I wish for a better PRESS. I don’t have faith in the present situation. DRIVEN mostly by ad revenue and craving power, they too are a big part of the problem. It’s standard procedure these days for the press to be feeding off rumor, feeding off poor research, seeming to just be concerned about what sells paper and ink. How many stories were printed that were factually incorrect? When was it that the NEWS became EDITORIAL? That every reporter was bucking to become the next great Anchor, or have influence over people, inserting their own views into reporting? Although the press can only report what it knows, they don’t seem to have a full picture (or at least report it) on any issue. And that has created quite a bit of chaos on the planet. Not to blame the press, but I feel by in large they have done a poor job of upholding their responsibility as humans.
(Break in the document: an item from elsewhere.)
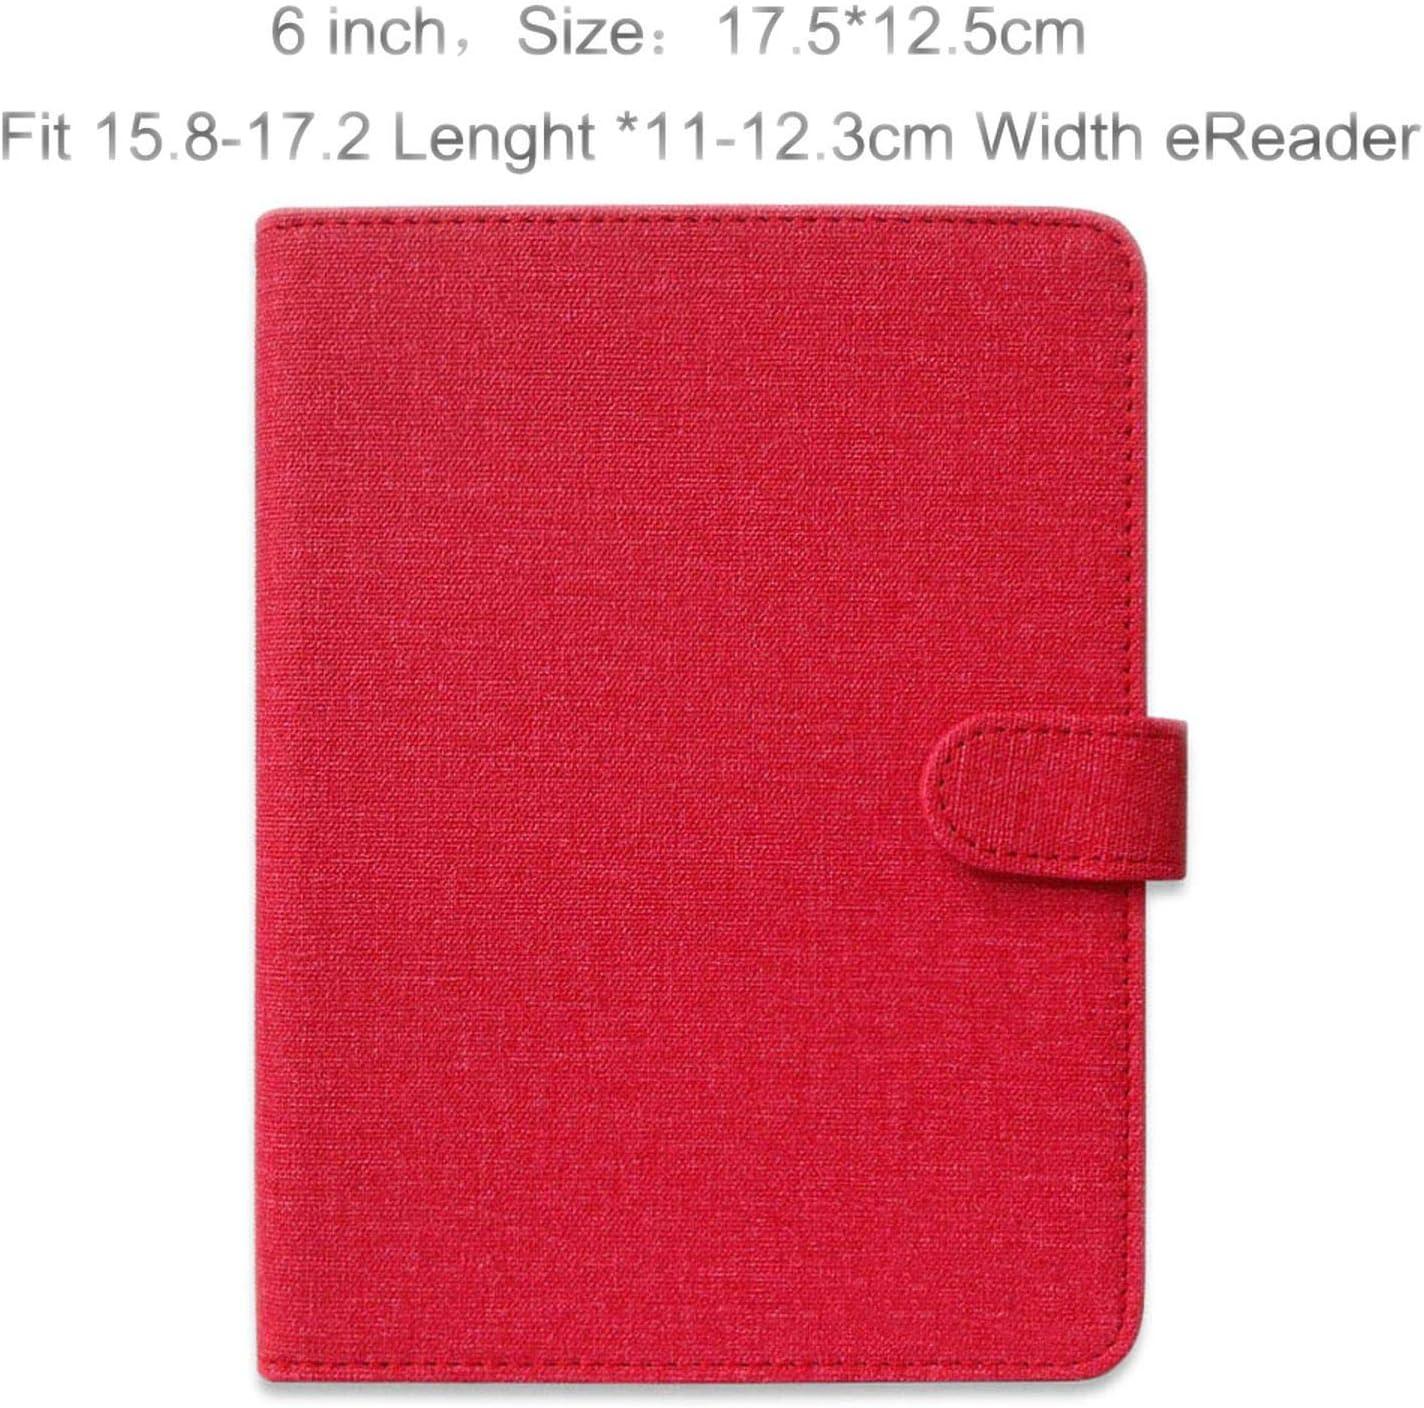 6 6.8 7.8 Pulgadas Ereader Funda para E Book Cover para Onyx Pocketbook Digma para Kindle Paperwhite Protective Skin: Amazon.es: Electrónica

I also wish for good health and happiness for all I know, hope you have a great year. I hope I can make a difference in someone else’s life.
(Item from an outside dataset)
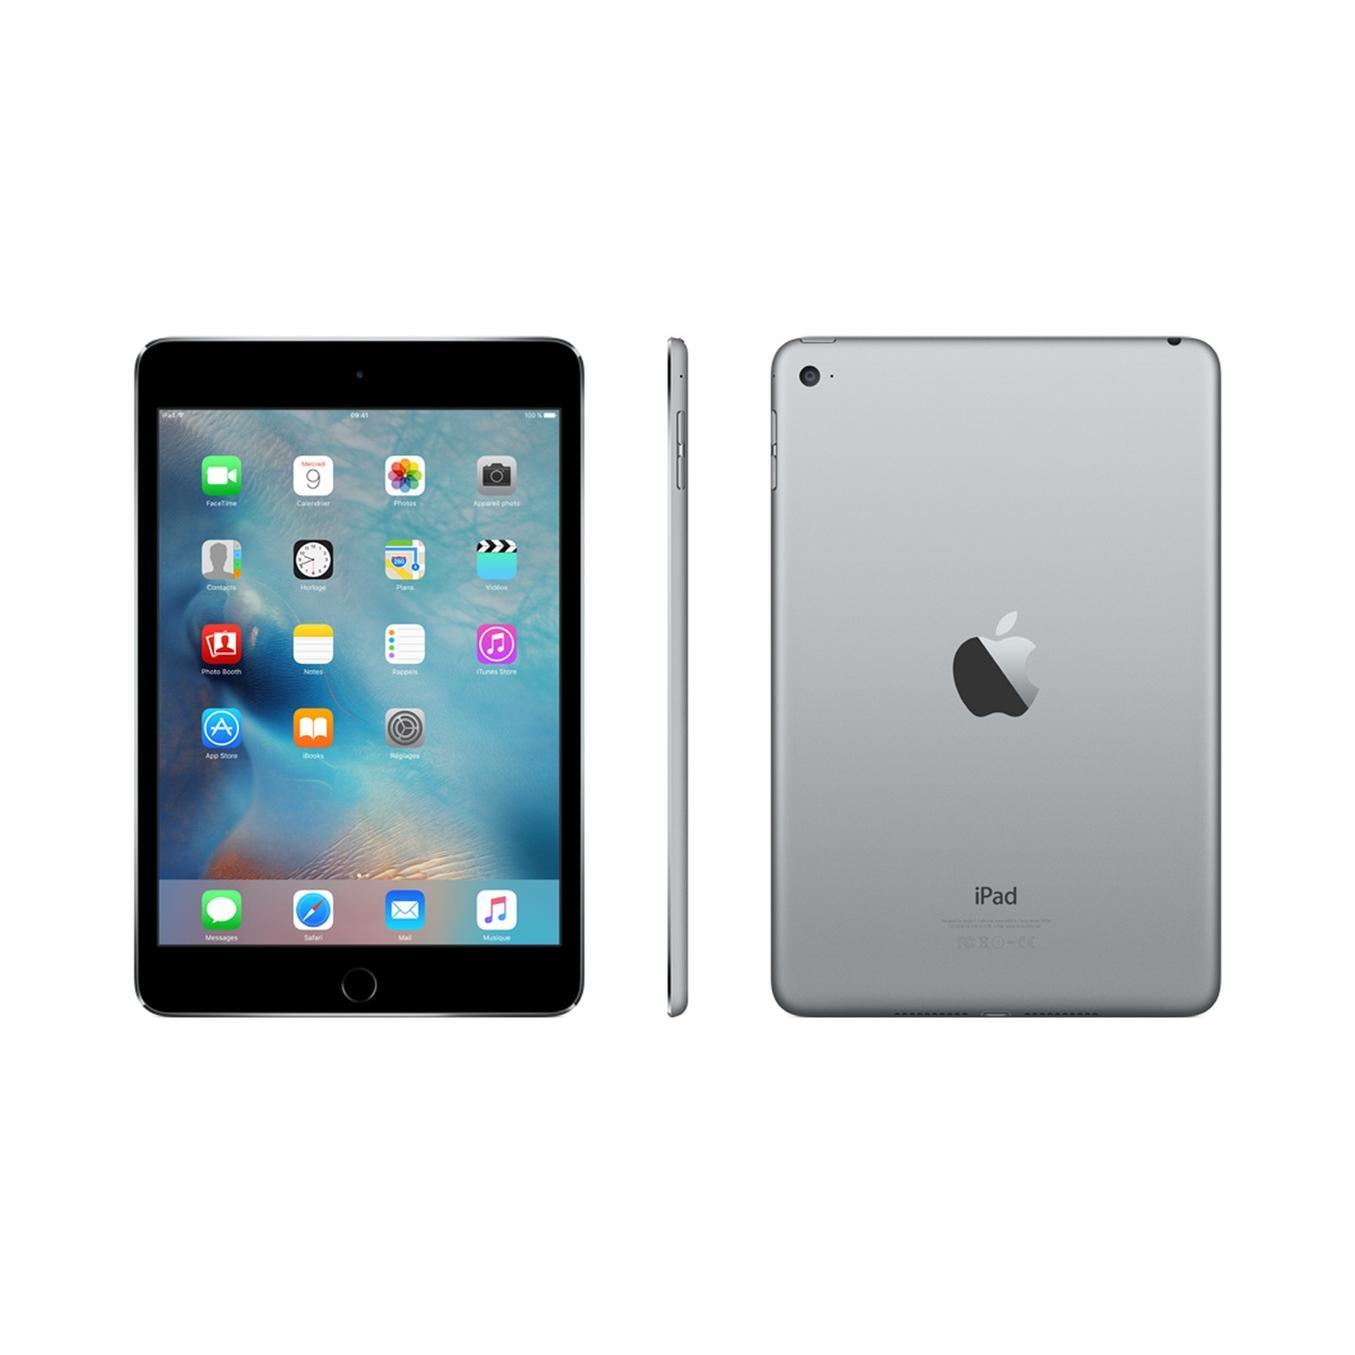 iPad mini 4 64 Go - Wifi - Gris sidéral

At 10:29 AM, Anonymous Anonymous said...

I've enjoyed reading your thoughts over the last several months but I
now feel compelled to respond to your remarks about the US relief
efforts after the Tsunami. I am far from an apologist for this
administration, however, the often repeated criticism in the media that
the US has been slow to respond is simplistic. The extent of this
disaster was not clear in first hours or even in the 1st day. As the
horrible magnitude of this catastrophe has been revealed the US has
steadily increased our commitment. Unlike most European nations, the
response of the US has not been limited to merely pledging funds. The US
has deployed two carrier battle groups with their attendant enormous
logistic support capabilities. A large amount the disaster relief
effort is being accomplished via the helicopter capabilities from the
carrier USS Abraham Lincoln. The US is the only nation capable of
projecting such a large amount of immediate physical humanitarian
relief. If you are only measuring commitment by dollars, be fair and
calculate (like you have done for the cost of the Iraq war) the daily
cost of operating 2 carrier battle groups comprised of dozens of ships
and many thousands of personnel. Oh and by the way, how about the
hundreds of million of dollars being donated by ordinary Americans, not
just to this crisis, but every time there is a need. You write about
America with the voice of someone who no longer remembers (or sees) the
great essence of this country. I'm sorry to see that.

At 10:30 AM, Anonymous Anonymous said...

The three day tsunami of silence -- I mean the one from Bush in Texas -- is yet another of those mind-bending events we have come to expect and will without fail continue to happen until January 20, 2009 exactly at noon. At least he wasn't playing golf & refusing to speak to reporters. The right-wing media (I don't suppose you get Fox "news" on cable?) has decided that the best defense to this is to scream and yell that the Chinese are so stingy! Now that's a comparison that makes me feel better. The good news is that they have been shamed and are now seriously on the case.

Disclaimer: Do not interpret the above paragraph as implied support for whatever Mr. Chirac thinks he's up to. Has there been a worse leader for France in the international community since the war (and I don't mean the Iraq war)? Bush and Chirac are almost made for each other, happy in their parallel universes of unilateral greatness.